The Faculty of Arts and Sciences nixed the Creativity and Society major. Why didn’t they ask students first?

Faculty’s rejection of the Creative Expression and Society major program is the latest in a series of failures of accountability

Photo | Diana Tyszko

When I was eight years old, what I wanted more than anything else in the world was a watch. Not a Spiderman watch or a Dora watch (gauche) like my classmates had, but a real, adult timepiece—sleek and professional. I settled on a seven-dollar digital with a pink strap and used my mother’s credit card to buy it off Amazon while she was at work. I sat back in the rolling chair by the family computer, imagining the elegant flash of plastic as I checked the time during recess, and I had a horrific realisation. Credit card purchases were recorded on the bill sent to our house every month. Two days later, when the watch arrived—this was before Amazon had managed to entirely pay their way out of having to obey the laws of time and space—I did not even remove it from its packaging. As soon as I saw the box on the porch, the smiling Amazon logo taunting me from beneath our front door, I dug a hole in the backyard and buried it.

The lesson I learned was this: the easiest way to reduce backlash against a bad decision is to not tell anyone about it. Just ask the Faculty of Arts and Sciences. In the fall, the faculty chose not to move forward with the Creativity and Society program’s application to create a major. Yet when I spoke to Madison Gagnon, the President of the Creative Expression and Society Student Union, days before writing this article, she told me she was hearing what the faculty had done for the first time. Ditto for Nina Katz, a fourth-year student who has studied Creative Expression for the last three years. 

Creativity and Society, formerly Creative Expression and Society, is a Victoria College program that currently offers a minor to 225 students. “This program really thinks about various arts, especially music, the visual arts, and literature as working together and feeding each other,” says Adam Sol, the program director. 
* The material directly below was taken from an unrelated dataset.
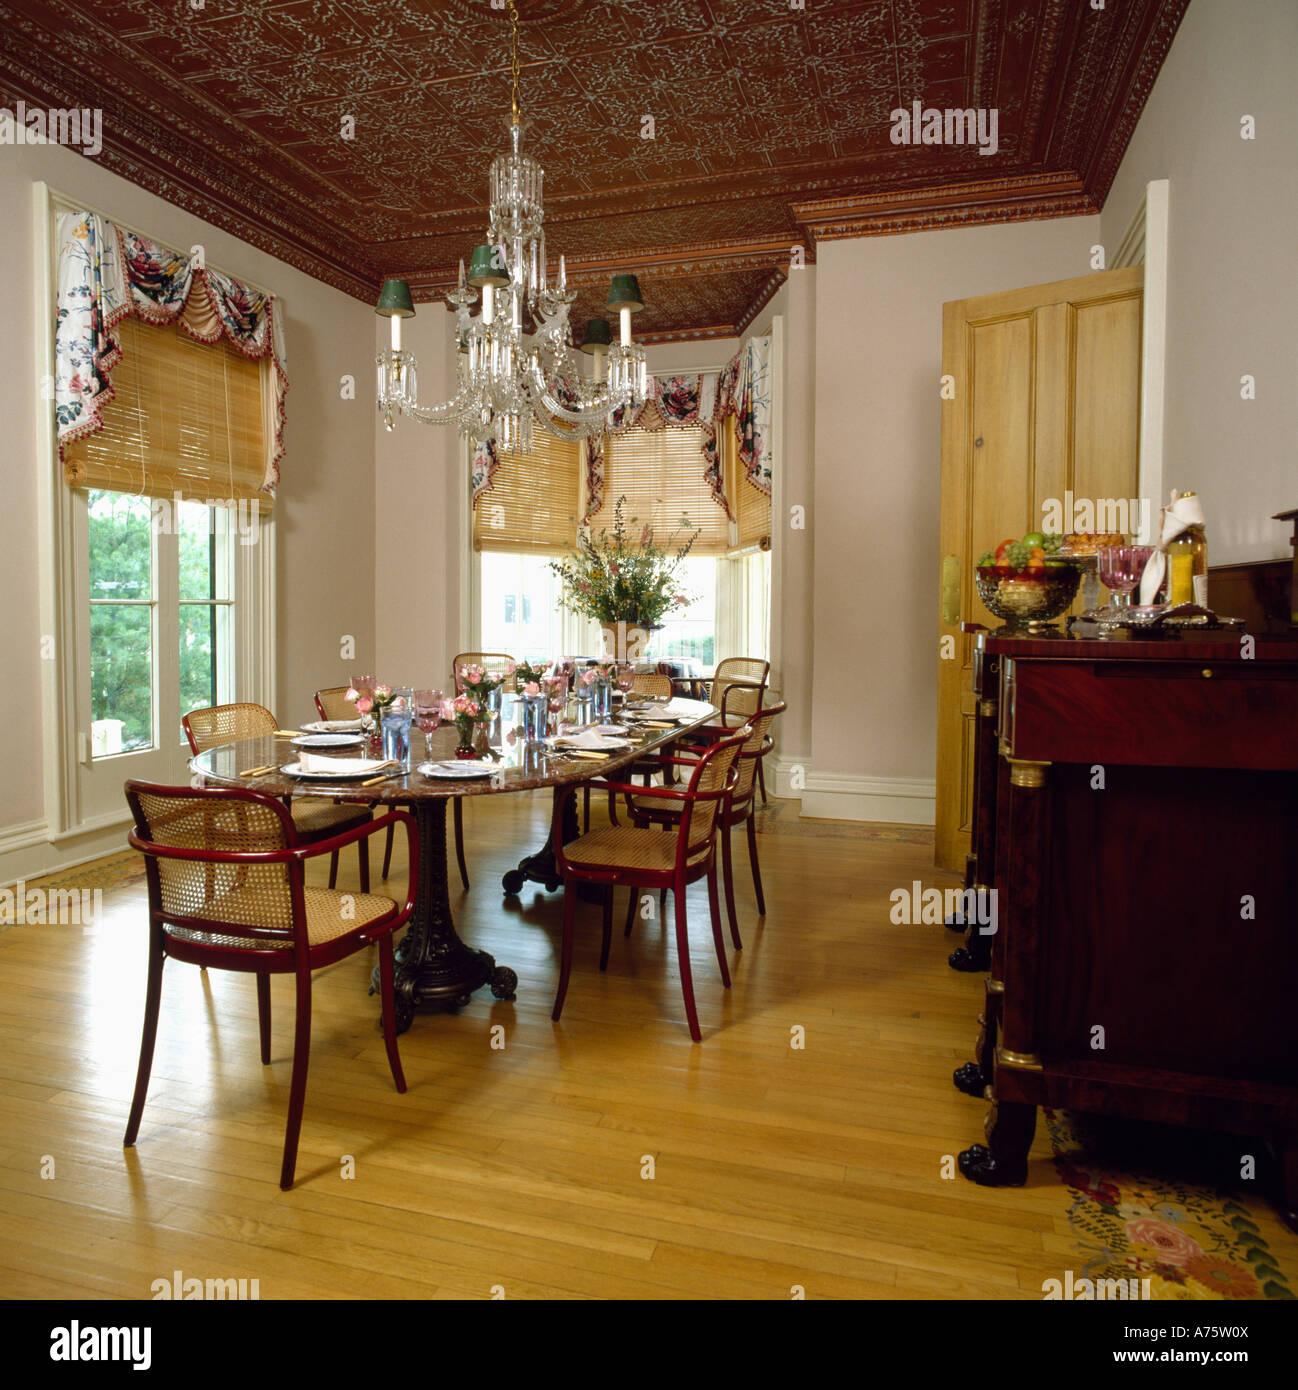 Paese sala pranzo con un lampadario sopra tavolo e pavimento ...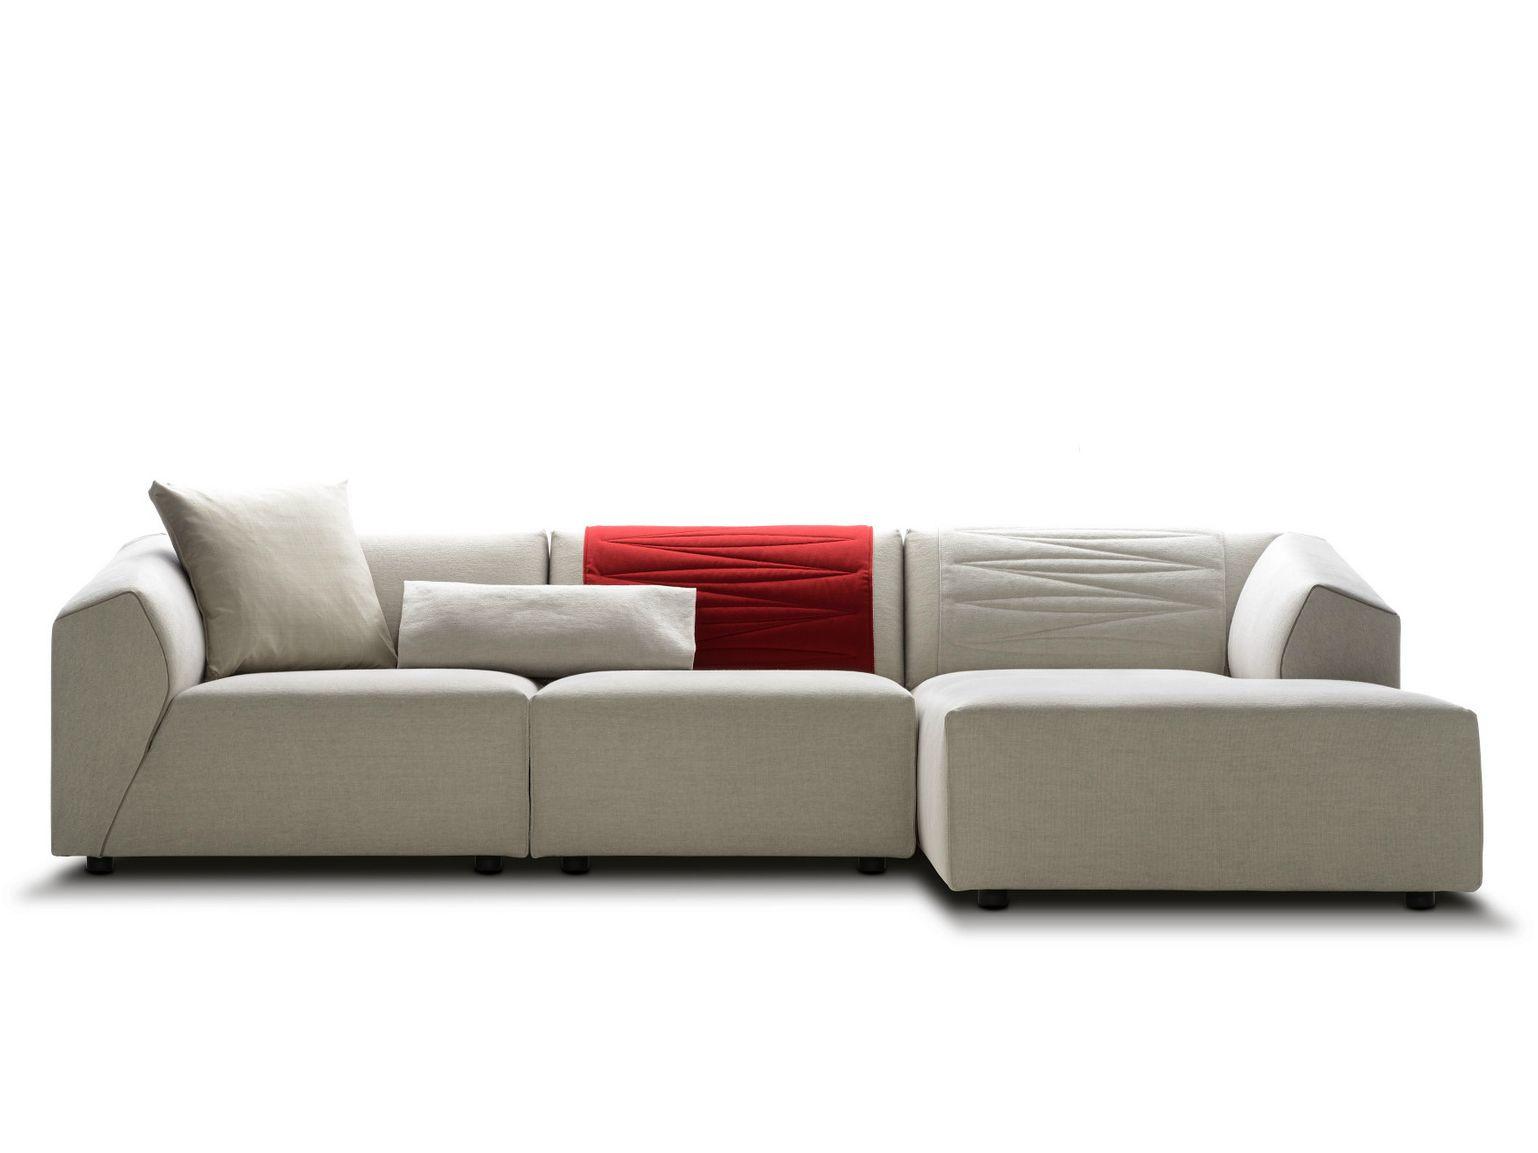 THEA Sofa with chaise longue by MDF Italia design Lina Obregon ...

Students, including Gagnon and Katz, rave about it. “It’s a brilliant program,” says Katz. “It offers something really valuable […] Creativity isn’t given serious academic effort. That part of ourselves that is such a valuable part of who we are […] that is such a rich topic for scholarship.” Not only is the program academically stimulating, Gagnon, a Biology major, tells me, but it also improved her social life. “I’ve made the most friends at UofT through the Creative Expression program because I got to know everyone so well […] you get to feel comfortable talking in front of groups, you get to feel comfortable sharing your work, and those are really valuable skills that UofT doesn’t focus on a lot.” 

Yet, despite the students’ passion, there were no emails from the faculty asking what they thought. No TBuck-compensated interviews, just a rejection—one that even took Sol, who has taught at UofT for more than half of a decade, by surprise. “There had been previous drafts of this proposal that had gone to the Faculty of Arts and Sciences…we felt very, very positive going in and that we had responded to the concerns that had been expressed in earlier versions.”

Those concerns? That there was too much overlap with creative writing programs offered by the Department of English. Yet, in preparing the application, Sol did what the Faculty of Arts and Sciences did not: he consulted. “We did a lot of consultation with the English department—they were sort of our main partners to make sure we were not overlapping,” he says. 

Seemingly, the faculty doesn’t just think it knows better than its students; it thinks it knows better than its own English department. All evidence—glowing testimonials from students, positive feedback from professors, and strong enrollment in the minor program—indicate a clear justification for a major. So, why would the faculty turn Creativity and Society down? 

It’s a disappointing but not surprising part of a broader trend of programs offered by colleges— rather than departments—being scaled back. At New College, the beloved Buddhism, Psychology, and Mental Health minor was discontinued, and the proposed elimination of the Health Studies specialist—which has yet to be presented to the Faculty—sparked an uproar at the November meeting of the University College Council. 

I’ve had my disagreements with the Vic administration, but the Faculty of Arts and Sciences seems to have reached a new and unprecedented level of obstinacy. It’s unique programs like Creativity and Society, Buddhism, Psychology, and Mental Health, or my major, Canadian Studies, that make UofT a vibrant place to study. That provides students with an option other than crammed, thousand-person lectures at Convocation Hall and readings from the same, decades-old textbooks professors use everywhere. It allows students the opportunity to develop skills and gain knowledge that is often neglected by the rest of academia. It helps form the interpersonal bonds that last longer in students’ lives than any course content. Katz recounts how a Creativity and Society course offered a reprieve after the difficult months of the pandemic: “We got into these smaller poetry groups […] we would just bring snacks and share each other’s work and grow together as artists.” 

As a VUSAC executive, I do not intend to let the Faculty bury this issue like my illicitly obtained watch. Creativity and Society, and Vic’s other college-run programs are worth fighting for. After all, they teach collaboration and socialisation—skills the faculty, which couldn’t work with or talk to students before they deprived them of a major, clearly lack. At least they have creative excuses down pat.